-- Dataset section follows --

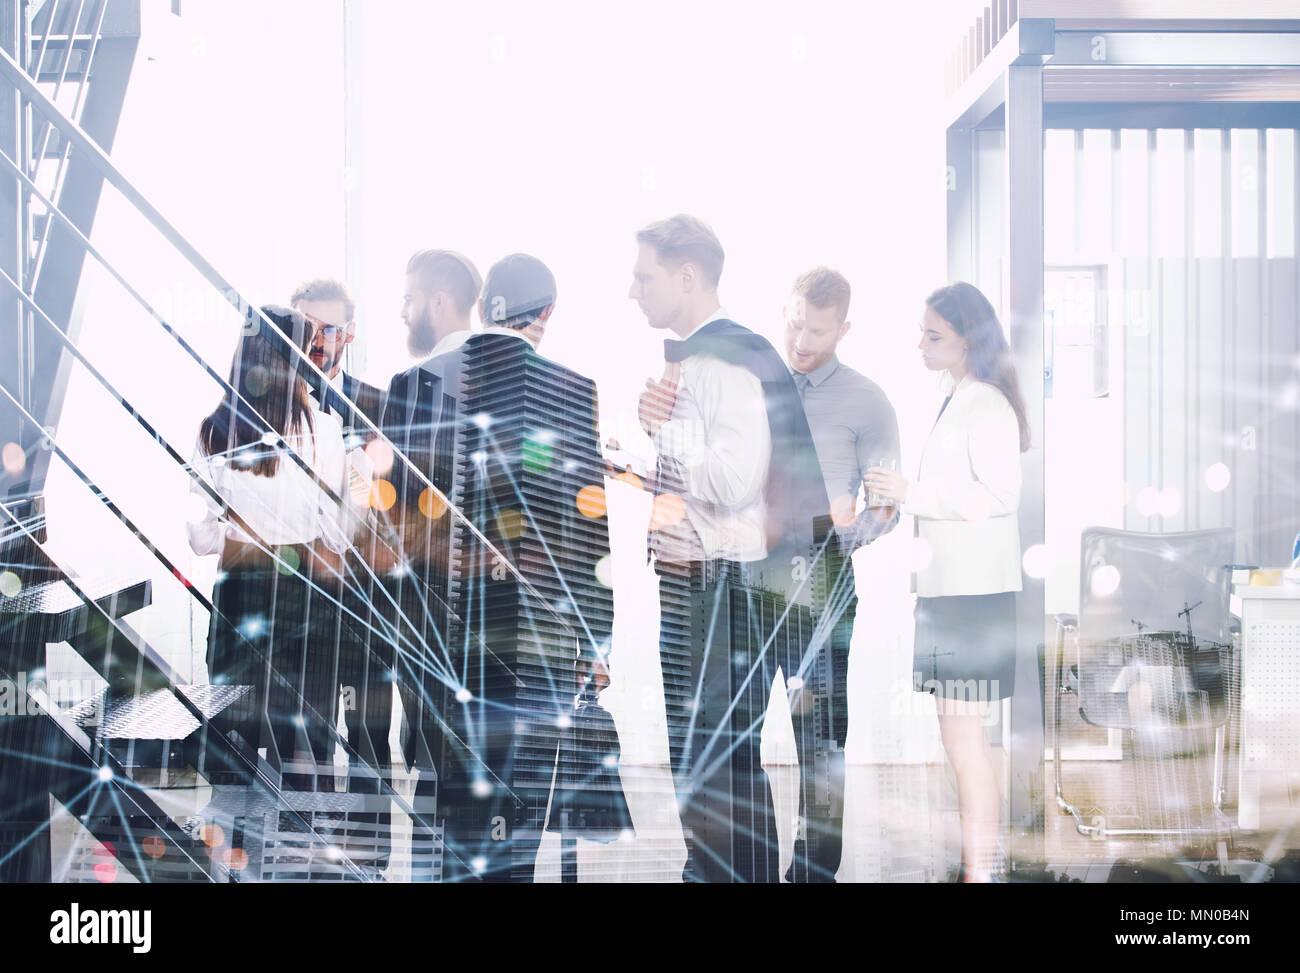 Gente de negocios trabajando juntos en la oficina con internet efectos de la red. Concepto de trabajo en equipo y colaboración con doble exposición. Imagen De Stock
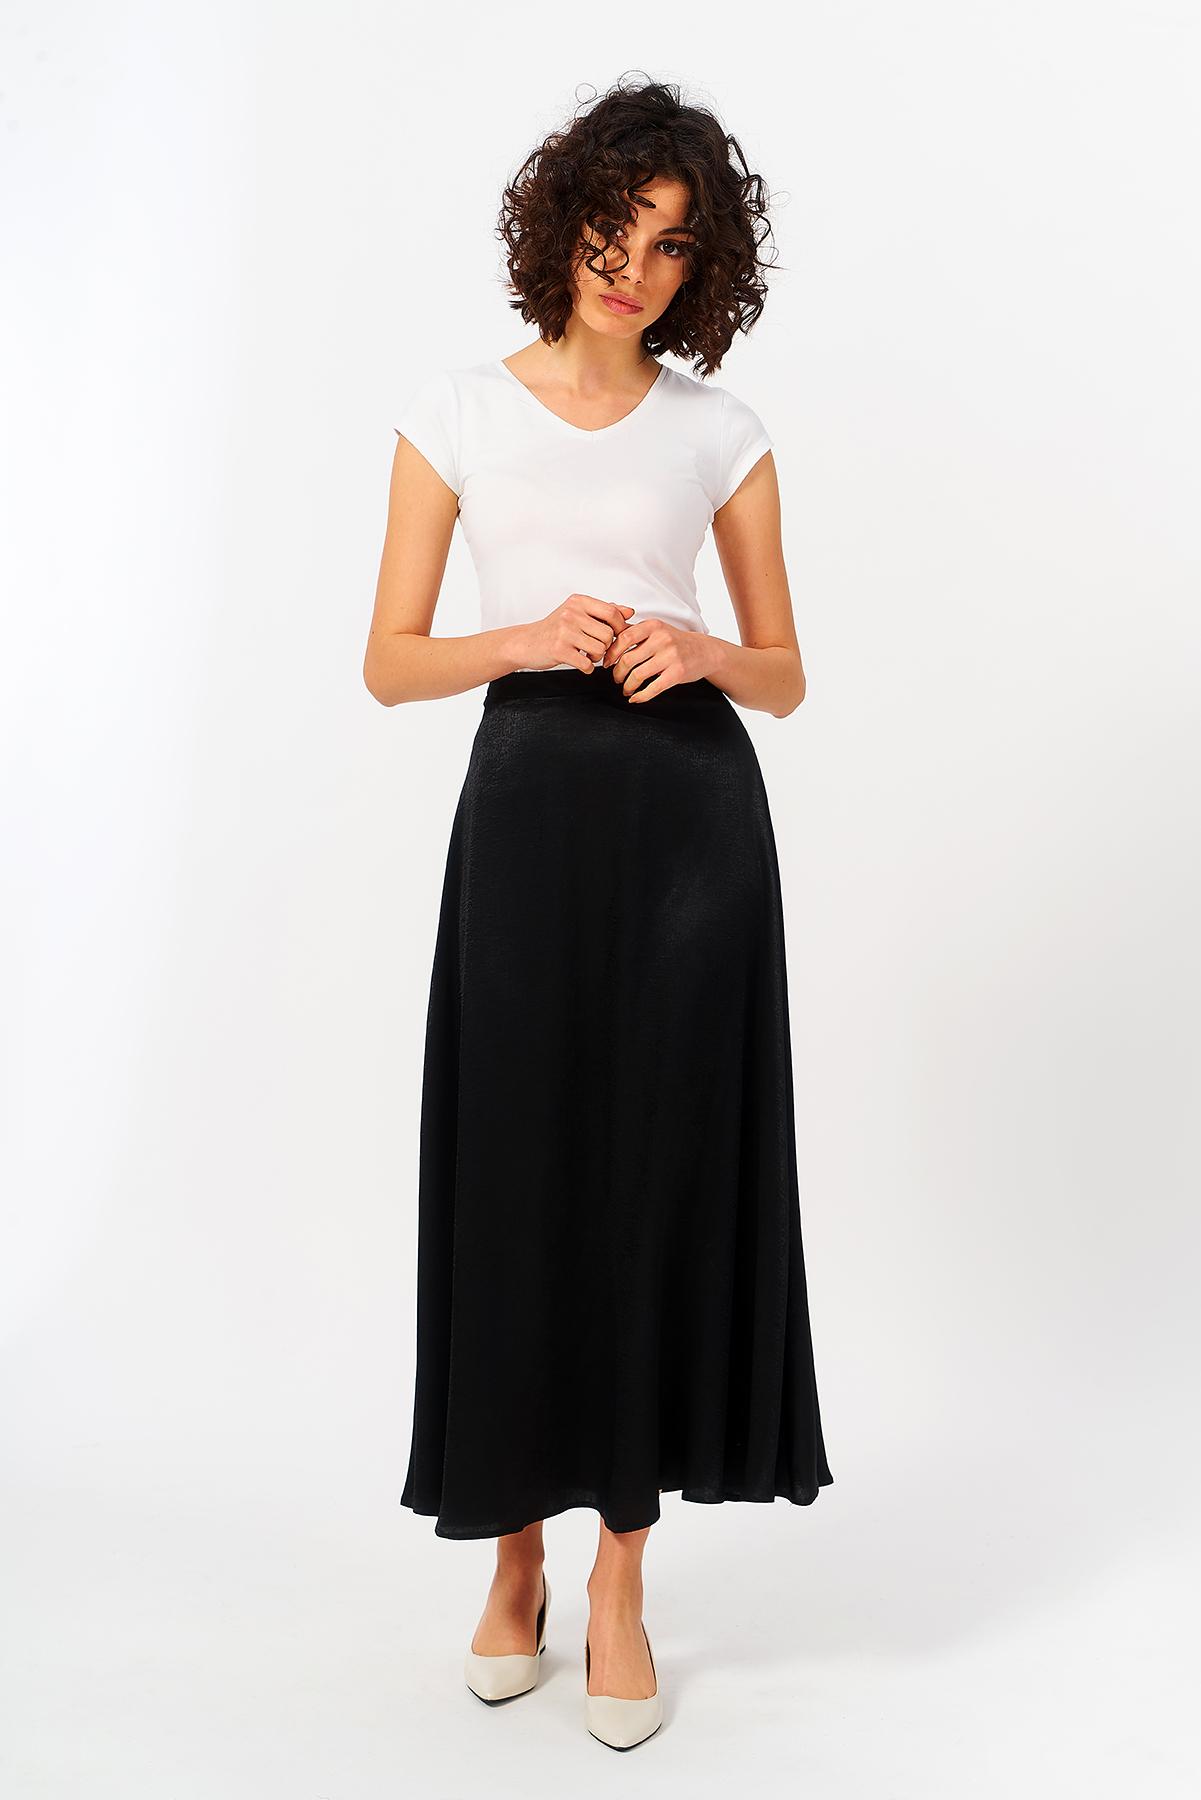 Mevra - Uzun Etek Siyah
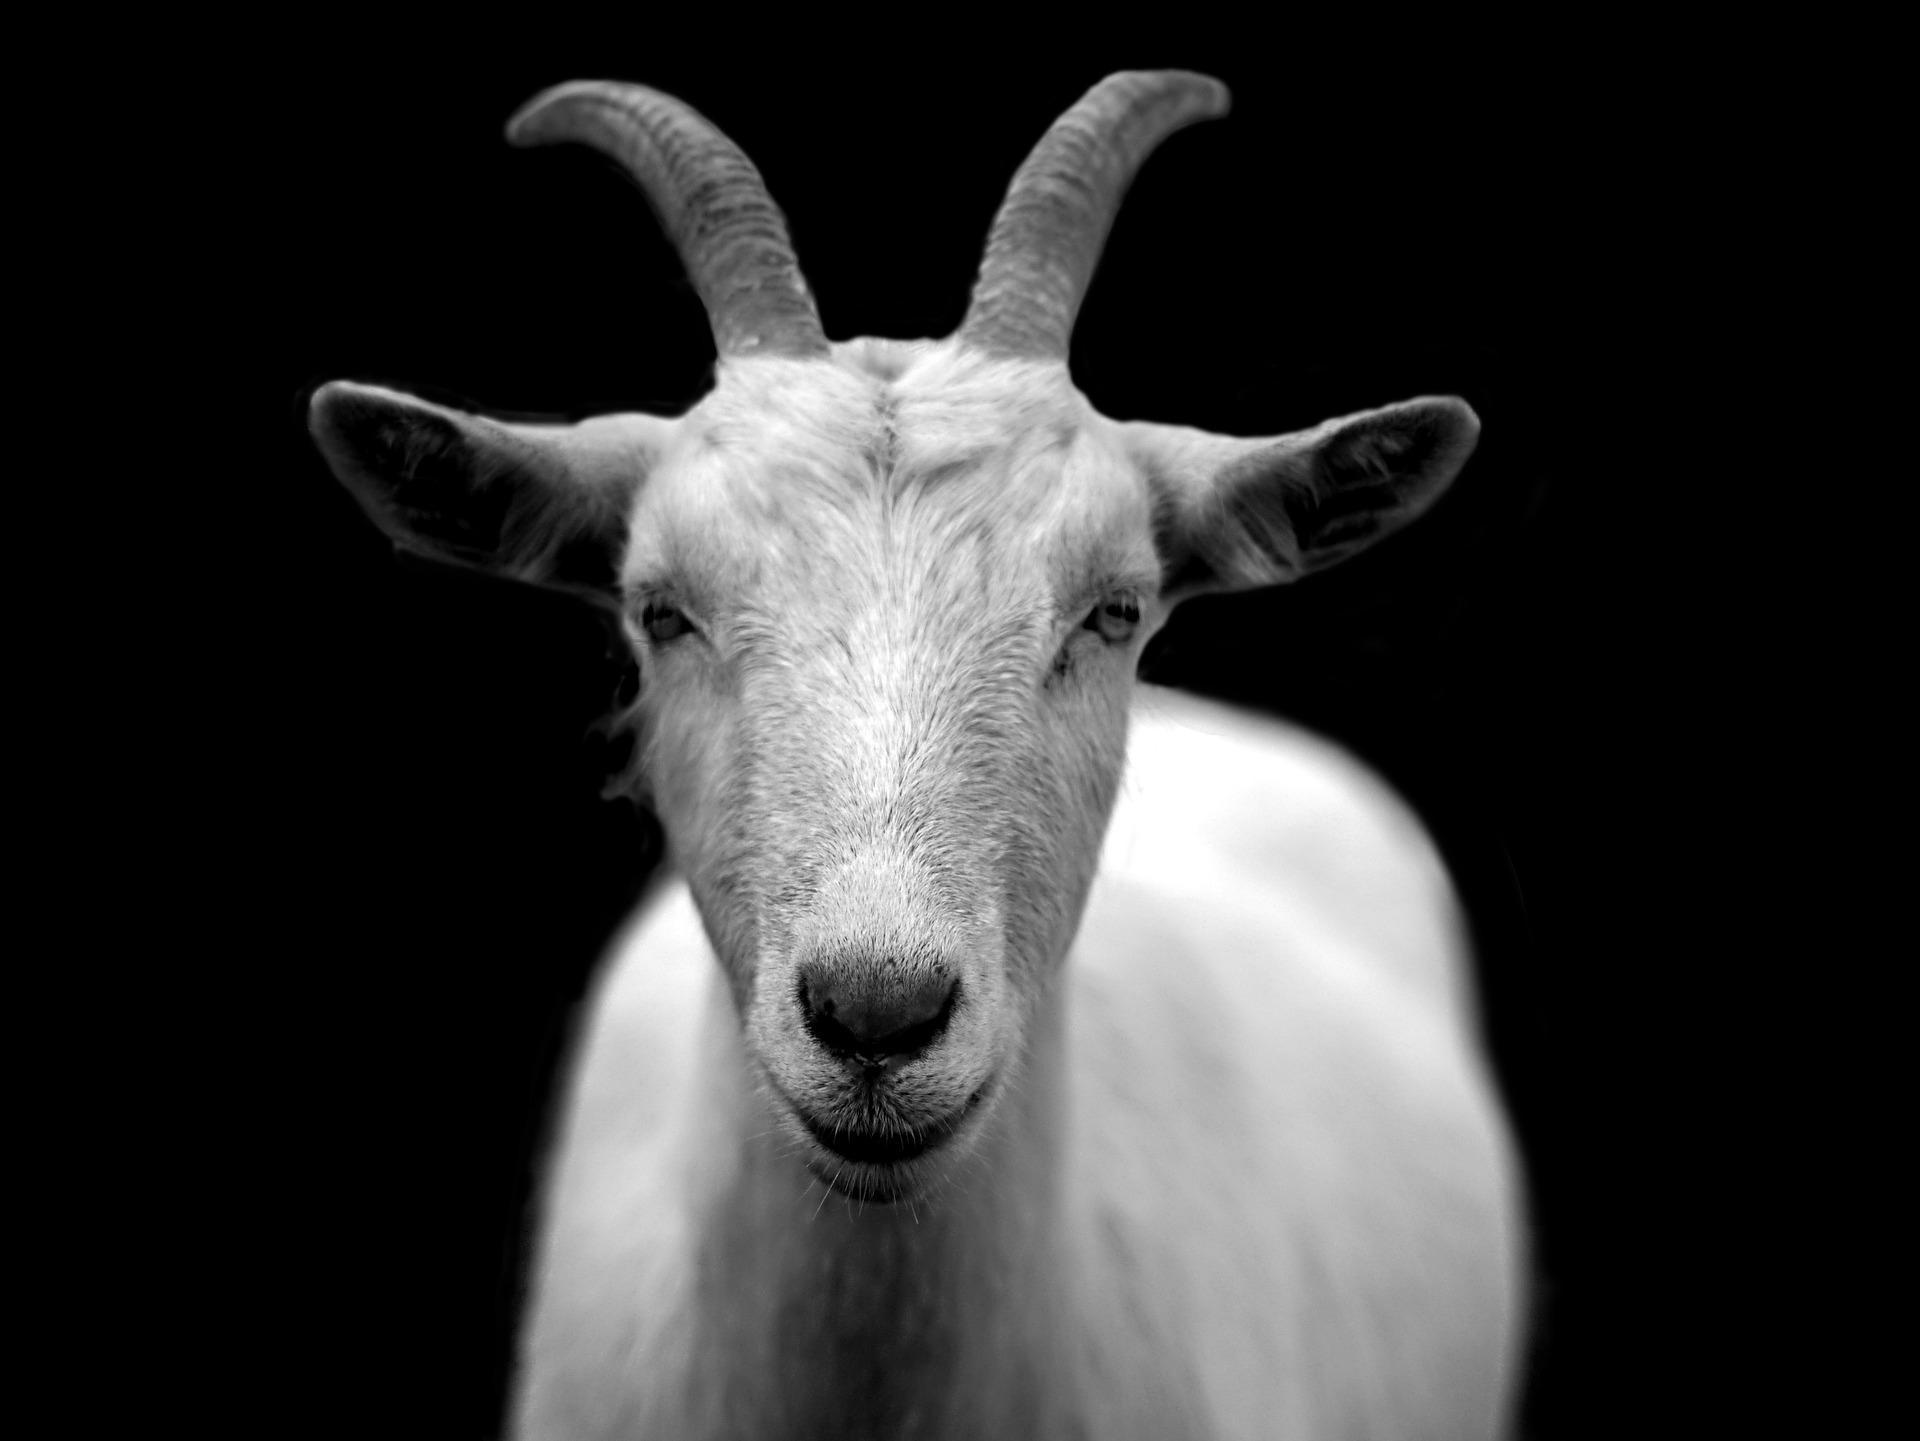 goat 50290 1920 - Une mise en garde à tous ceux qui voudraient devenir des magiciens blancs

-- Dataset section concluded --

Pictures are not part of the copy. Reproduce the lines from the one with "Mevra - Uzun Etek Siyah" through the end of the listing above.

Answer →
 Mevra - Uzun Etek Siyah
 goat 50290 1920 - Une mise en garde à tous ceux qui voudraient devenir des magiciens blancs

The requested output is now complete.